Improve the performance of a sum - Page 2

FortCpp · ‎10-02-2012

Hello Intel,

I am using a scientific calculation code. And I want to improve it a little bit if possible. I check the code with Amplifier. The most time consuming (heavily used) code is this:

[cpp]

double a = 0.0;
for(j = 0; j < n; j++) a += w*fi[((index + i)<<ldf) + k];

[/cpp]

To me it is just a dot product between w and fi. I am wondering:

1. Does Intel compiler will do it automaticall? (I mean treated the loop as the dot product of two vecterized array.)

2. Is there a way to improve the code? (I mean maybe define another array a1 the same size of w. Then all multiplied number can be stored in a1 (unrolled loop?). Do summation in the end. )

3. Other suggestions?

I am using parallel composer 2013 with visual studio. Any idea will be appreicated！:)
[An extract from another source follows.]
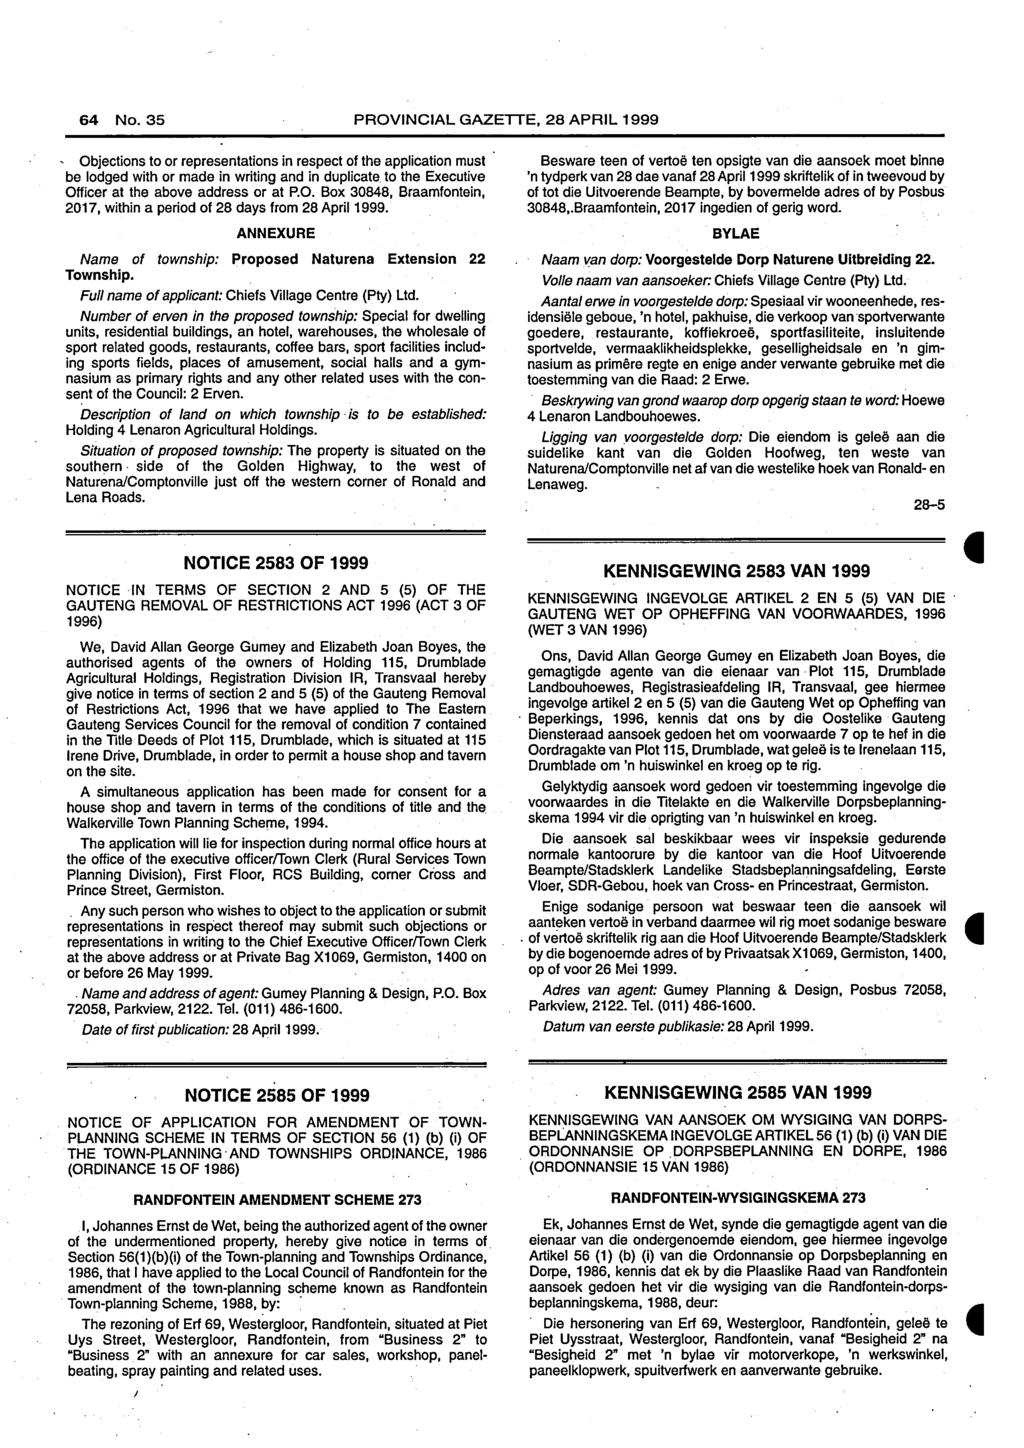 64 No.35 PROVINCIAL GAZETTE, 28 APRIL 1999 be lodged with or made in writing and in duplicate to the Executive Officer at the above address or at P.O. Box 30848, Braamfontein, 2017, within a period of 28 days from 28 April1999.

SergeyKostrov · ‎10-11-2012

>>...I never did raise priority. And I should try it. . These Win32 API functions should be used: . GetCurrentProcess SetPriorityClass GetCurrentThread SetThreadPriority

SergeyKostrov · ‎10-11-2012

>>>>...for(j = 0; j < n; j++) a += w*fi[((index + i) left-shift ldf) + k]; >>>>. >>>>Could you provide some technical details for i, ldf and k variables? >> >>Sorry, it is a bit complicated. . There are lots of smart guys here and if you really want to get help some generic details will help significantly. Could you tell what is a value for 'n' in the 'for' statement?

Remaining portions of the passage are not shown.